Hey folks :)
As you might already have seen in the birthday presents list there is another birthday present: the Wikidata Concepts Monitor (WDCM - http://wdcm.wmflabs.org). It is a tool that enables you to browse and build an understanding of the way Wikidata is used across the Wikimedia projects.
Here’s the technical gist behind it: Currently 789 projects have client-side Wikidata usage tracking enabled, which allowed us to built a system that counts the number of pages using a particular Wikidata item per project. The count data were subjected to statistical modeling (1) by an unsupervised statistical learning algorithm - https://en.wikipedia.org/wiki/Latent_Dirichlet_allocation (2) that is typically used in distributional semantics - https://en.wikipedia.org/wiki/Distributional_semantics (3) to discover the most natural groupings of Wikidata items in 14 semantic categories - https://en.wikipedia.org/wiki/Topic_model (4) in respect to the way they are used across the Wikimedia universe by the respective communities.
We hope for the WDCM system to become a tool that helps you discover.

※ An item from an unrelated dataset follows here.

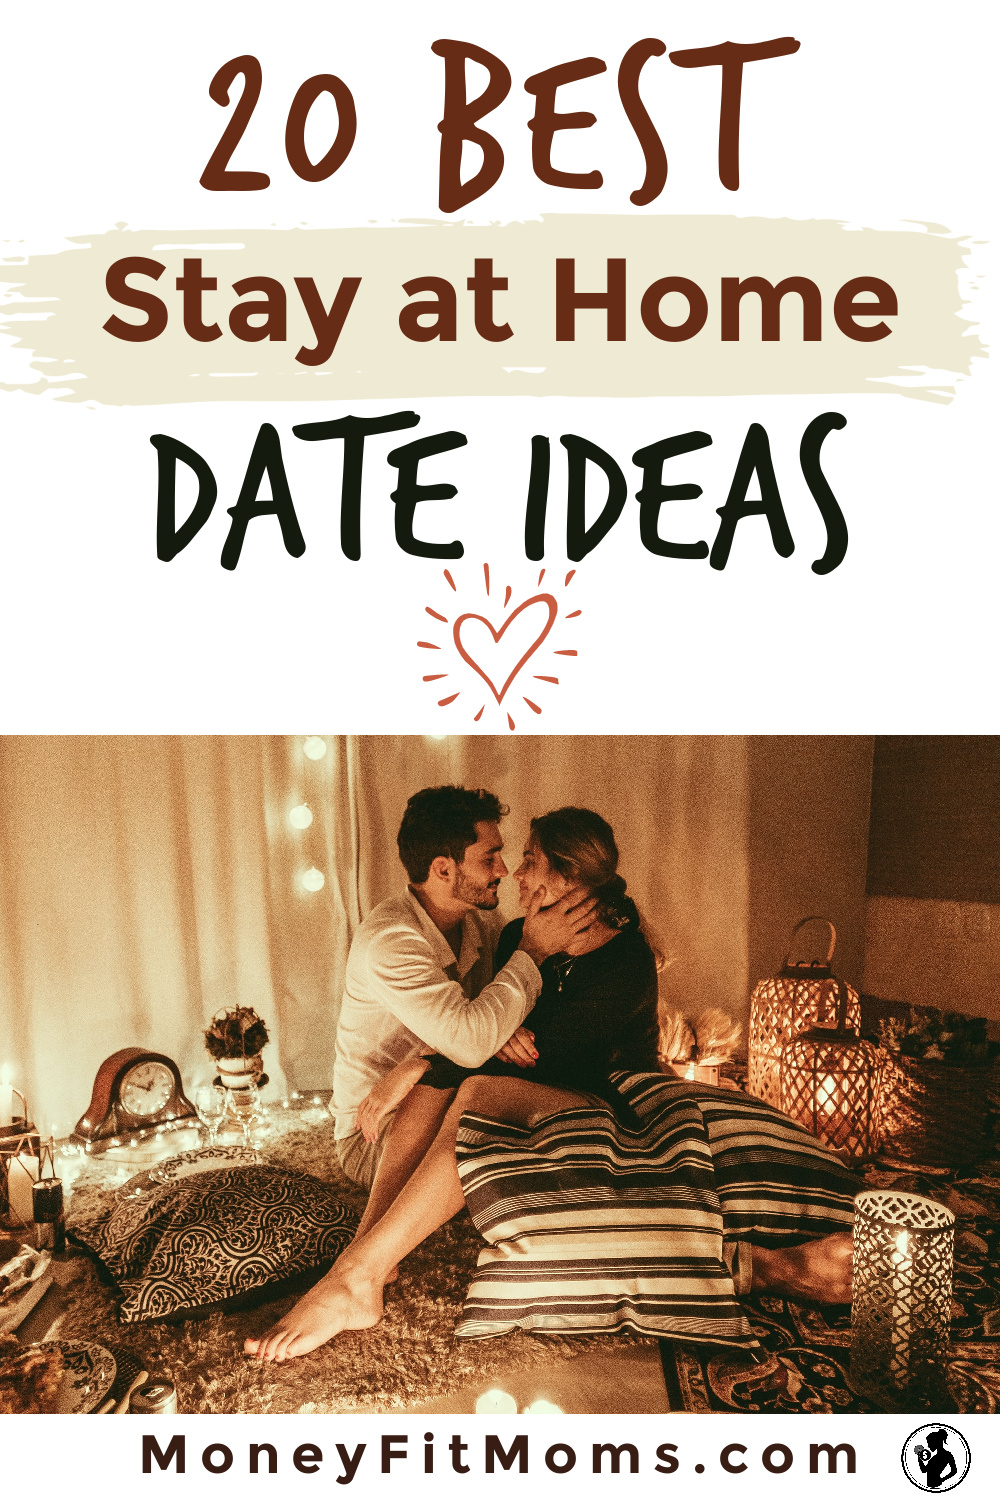 The 20 BEST Stay at Home Date Ideas - MoneyFitMoms.com

Beyond Wikidata’s syntax and semantics we are now beginning to learn about its pragmatics: the way Wikidata items will cluster in respect to how they are used is not necessarily the same as the way they go together in the Wikidata formal ontology. WDCM is the first step towards building an understanding of the highly complicated structure of Wikidata usage. This system can help you discover what Wikidata client projects are similar and in what respect, what semantic categories of items are used more or less frequently across 789 projects, how do items connect in respect to how similarly they are used by our communities, what are the most popular items per project, and many more (hopefully) interesting things.
Check out the WDCM and don’t forget to let us know what you think on the WDCM Wikidata project discussion page! I'd love to hear about any cool or interesting things you find in the visualizations. https://www.wikidata.org/wiki/Wikidata:Wikidata_Concepts_Monitor
Thanks to Goran who put in a lot of time to get this up and running and everyone who helped him.
Cheers Lydia
Thanks a lot all who are involved, very interesting.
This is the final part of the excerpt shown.